Over this same 1.0 pH unit total range, ammonia-N uptake rates varied by only 2.08-fold (Fig. 3A), much closer to the variation in seawater NH4+ concentration (Fig. 3C) than that in seawater PNH3 (Fig. 3B). As seawater pH was raised and lowered by 0.5 pH units from control, the respective variations in ammonia-N uptake rate were +47.5% and −29.2%. Only the difference in the rates between pH 8.45 and pH 7.45 was statistically significant (Fig. 3A).

This pattern of only modest sensitivity of ammonia-N uptake rate to large variations in seawater PNH3 suggests that simple diffusive uptake of NH3 across the dogfish gill is not very important, and that transport more closely follows the seawater concentration of NH4+.
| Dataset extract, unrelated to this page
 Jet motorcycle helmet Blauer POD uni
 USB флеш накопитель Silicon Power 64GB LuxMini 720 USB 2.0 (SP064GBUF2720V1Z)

Experiment ii: possible competition between ammonia and [14C]MA

Raising seawater ammonia-N concentration from 0 to 1000 µmol l−1, which elevated the ammonia-N uptake rate from 0 to approximately 360 µmol kg−1 h−1 (Fig. 4A), resulted in a small but significant reduction (−17.5%) in the uptake rate of the ammonia analogue [14C]MA (Fig. 4B). This result suggests that the two molecules interact in the transport system.

Fig. 4.

Influenceof high environmental ammonia-N and external amiloride on ammonia-N and [14C]methylamine uptake rates. (A,B) Uptake rate of ammonia-N (A) and the ammonia analogue [14C]methylamine ([14C]MA; B) in dogfish sharks exposed over a 6 h period to high environmental ammonia-N (HEA, 1000 µmol l−1) versus control conditions (no HEA). (C,D) Uptake rate of ammonia-N (C) and [14C]MA (D) in the presence of external amiloride (0.1 mmol l−1, in 0.1% DMSO) in dogfish sharks exposed over a 6 h period to a nominal starting ammonia-N concentration of 200 µmol l−1 versus control conditions (0.1% DMSO alone). Means± 1 s.e.m. (N=6). Asterisks indicate a significant difference (Student's paired two-tailed t-test, P<0.05) between experimental and control rates.

Fig. 4.

Influenceof high environmental ammonia-N and external amiloride on ammonia-N and [14C]methylamine uptake rates. (A,B) Uptake rate of ammonia-N (A) and the ammonia analogue [14C]methylamine ([14C]MA; B) in dogfish sharks exposed over a 6 h period to high environmental ammonia-N (HEA, 1000 µmol l−1) versus control conditions (no HEA). (C,D) Uptake rate of ammonia-N (C) and [14C]MA (D) in the presence of external amiloride (0.1 mmol l−1, in 0.1% DMSO) in dogfish sharks exposed over a 6 h period to a nominal starting ammonia-N concentration of 200 µmol l−1 versus control conditions (0.1% DMSO alone). Means± 1 s.e.m. (N=6). Asterisks indicate a significant difference (Student's paired two-tailed t-test, P<0.05) between experimental and control rates.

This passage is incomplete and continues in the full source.